The real reasons why migrants risk everything for a new life elsewhere: Saunders
2015/04/27 Leave a comment
Good in-depth piece by Doug Saunders, putting the current situation in context:
Even in its worst years, the Mediterranean boat-people flow is only a small part of the migration picture: tens of thousands of entrants in a continent of half a billion people that receives three million immigrants a year. Most Africans living in Europe are fully legal, visa-carrying immigrants who arrive at airports. Even the majority of illegal African immigrants in Europe aren’t boat people: They’re legal visitors who’ve overstayed their visas.
What has compounded the matter during the past 24 months has been the conflict in Syria. While only a fraction of people fleeing that country have attempted to go to Europe – the vast majority are encamped in Turkey, Jordan or Lebanon – that fraction has multiplied the numbers of boat people dramatically in 2014 and 2015. It now accounts for perhaps half of Mediterranean boat migrants (though the boat that was the subject of last weekend’s tragedy carried passengers almost entirely from sub-Saharan Africa).
Refugees tend to be temporary (the much larger exodus of asylum seekers that confronted Western Europe during the Balkan wars of the 1990s – a population shift that seemed even more intractable – mostly returned to their countries after the conflicts ended), and are dealt with through different policies than are migrants. In Europe, those policies are deeply dysfunctional, with little agreement among the 28 EU countries about how to handle refugee claimants or how to deport illegitimate ones – which has contributed to the death toll.

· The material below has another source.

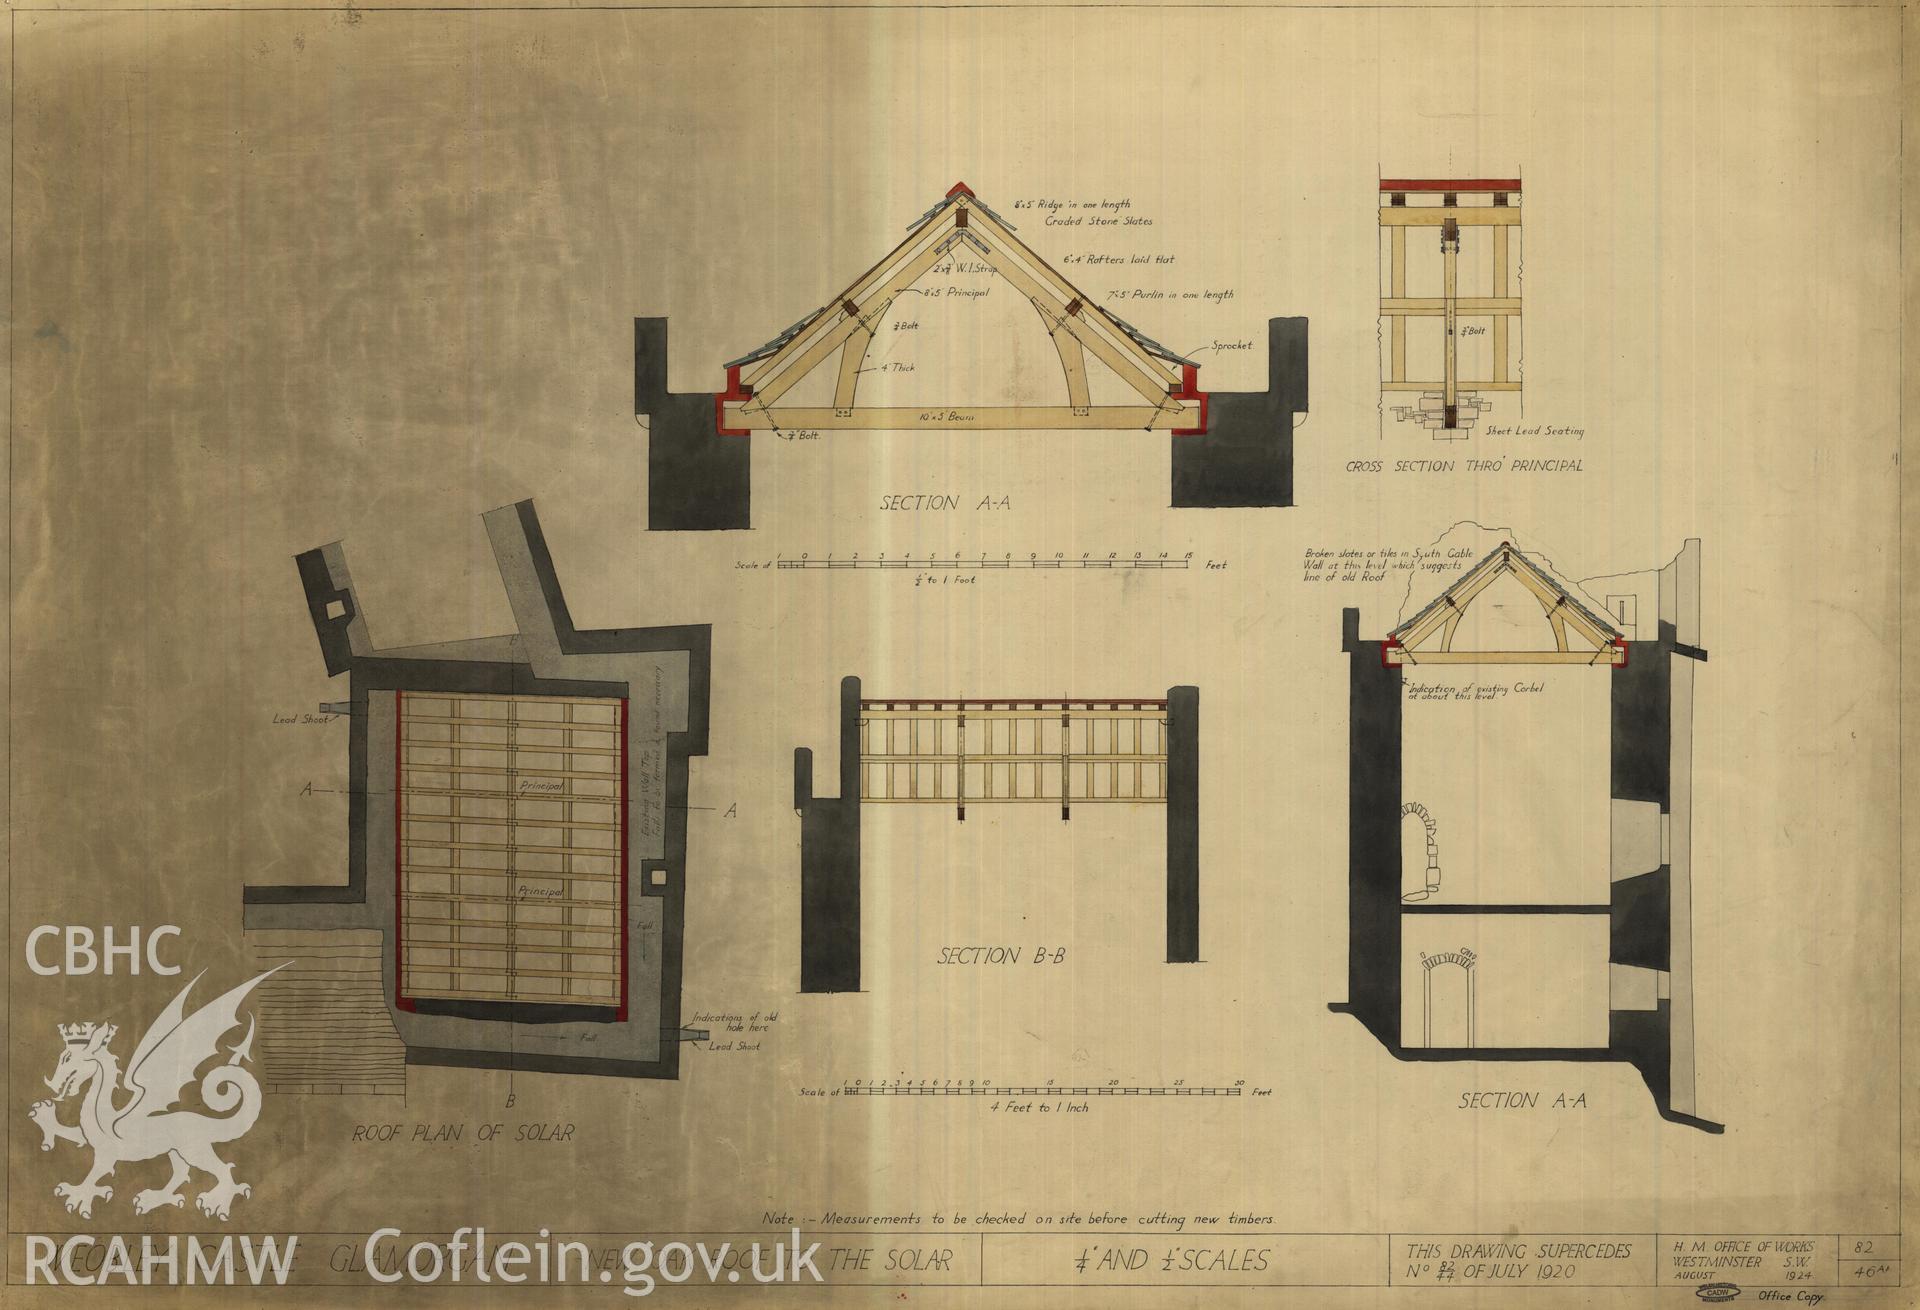 Cadw guardianship monument drawing of Weobley Castle. New solar roof, plan + 4 sections. Cadw Ref. No:82/46A1. Scale 1:48.24.

“There should be no reason for Syrian refugees to be getting on these boats, except that there has been no proper pathway for safe refugee acceptance opened up,” Dr. de Haas says. If Western countries would take their United Nations refugee responsibilities more seriously, Syrians wouldn’t be dying at sea.
The most insidious notion is the one that holds that the Africans on the boats are starving villagers escaping famine and death. In fact, every boat person I’ve met has been ambitious, urban, educated, and, if not middle-class (though a surprising number are, as are an even larger number of Syrian refugees), then far from subsistence peasantry. They are very poor by European standards, but often comfortable by African and Middle Eastern ones. And no wonder: The boats cost upward of $2,000 to board (and you need more money to make a start in Europe). That’s a year’s income in many African countries.
Why would somebody risk their life, and their comfort, for a journey that at best would promise a marginal life in the underground economies of Europe?
Linguère Mously Mbaye, a scholar at the Bonn-based Institute for the Study of Labour, conducted a study of hundreds of people in Dakar, Senegal, who were planning to make the crossing to Europe.
The migrants tended not to be very poor. And they tended to be well-connected in Europe: They knew large numbers of people from their home country already living in Europe and working in similar occupations. In other words, they were tied into “migration networks” that communicated information about employment, small-business, housing and migration opportunities. Migrants tend to choose their European destinations not according to culture, language or history, but according to the number of people from their network who are living there – and also according to the economic success of their destination country.
The Syrian refugees are less tactical – and not as well linked into existing economies – than the Africans, but they, too, tend to come because they have connections to people or organizations in Europe. Concludes Dr. Mbaye, “Illegal migration starts first in thoughts, based upon the belief that success is only possible abroad.”
Both major studies found that the Africans who get onto the boats are not running from something awful, but running toward a specific, chosen opportunity, in employment or small business.
That’s a big reason that the boat-people flows have gone up and down so dramatically: Dr. de Haas’s studies found that the main driver of cross-Mediterranean migration is not any economic or political factor in Africa but “sustained demand [in Europe] for cheap labour in agriculture, services, and other informal sectors.” Even those who are fleeing – the Syrians, some Eritreans – are choosing where they flee based on a sense of opportunity.
The real reasons why migrants risk everything for a new life elsewhere – The Globe and Mail.